Feb 1 (Reuters) – Oracle expects to raise $45 billion to $50 billion in 2026 to build additional capacity for ​its cloud infrastructure, the software company said on Sunday.

The ‌company, chaired by billionaire Larry Ellison, said it plans to achieve its funding ‌objectives using a combination of debt and equity financing.

“Oracle is raising money in order to build additional capacity to meet the contracted demand from our largest Oracle Cloud Infrastructure customers, ⁠including AMD, Meta, NVIDIA, ‌OpenAI, TikTok, xAI and others”, the company said in a statement.

Oracle plans to raise around ‍half of the funding through a combination of equity-linked and common equity issuances, including mandatory convertible preferred securities and a new at-the-market ​equity program of up to $20 billion.

The software group plans to ‌raise the other half of its funding by issuing senior unsecured bonds early in 2026.

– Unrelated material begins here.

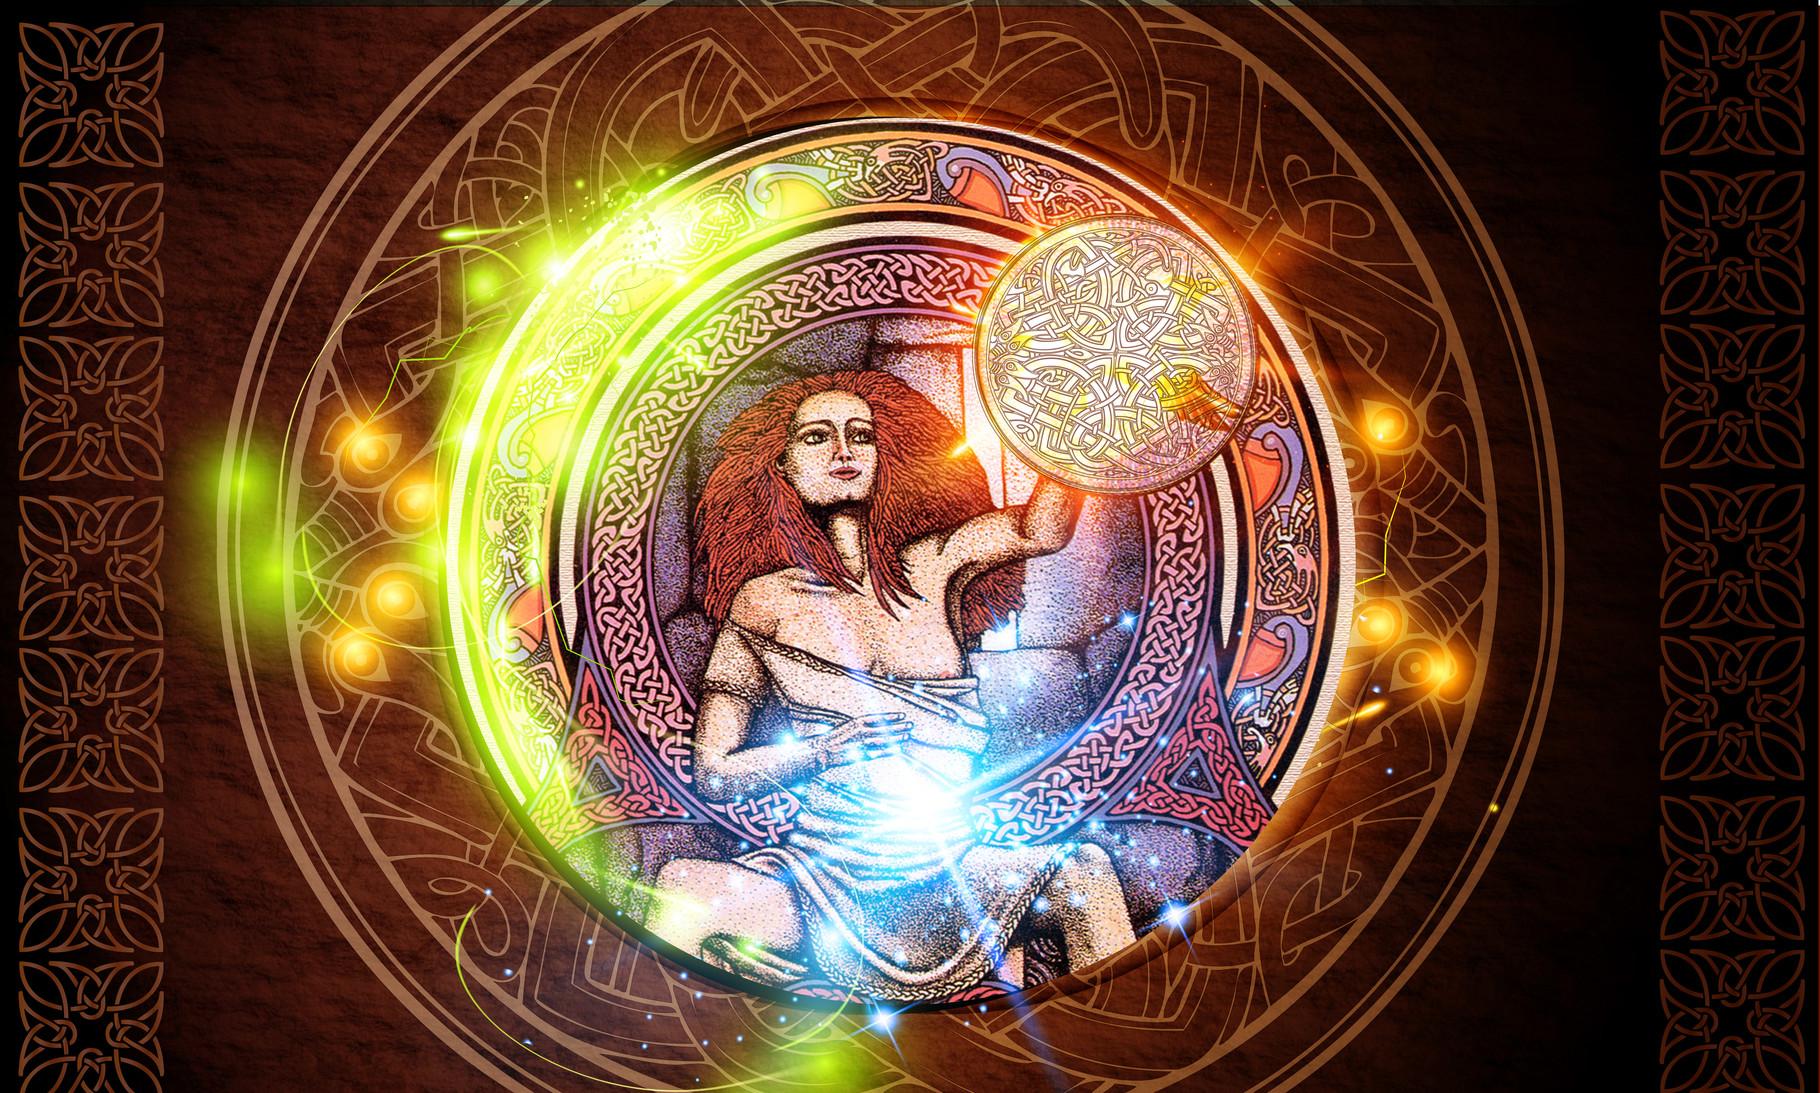 Жрица, женская магия, развитие женского волшебства. Абсолютное Знание. Человек, проводящий эту энергию, знает прошлое и будущее.

Investors have scrutinized Oracle’s AI infrastructure build-out in recent weeks as its debt climbs and its fortunes become increasingly tied to OpenAI, which is not ⁠profitable and has not detailed how ​it would finance its infrastructure plans.

Oracle ​was sued earlier this month by bondholders who say they suffered losses because the company concealed ‍its need to ⁠sell significant additional debt to build out its artificial intelligence infrastructure.

The cost of insuring Oracle’s debt against default ⁠surged in December last year to its highest in at least five ‌years.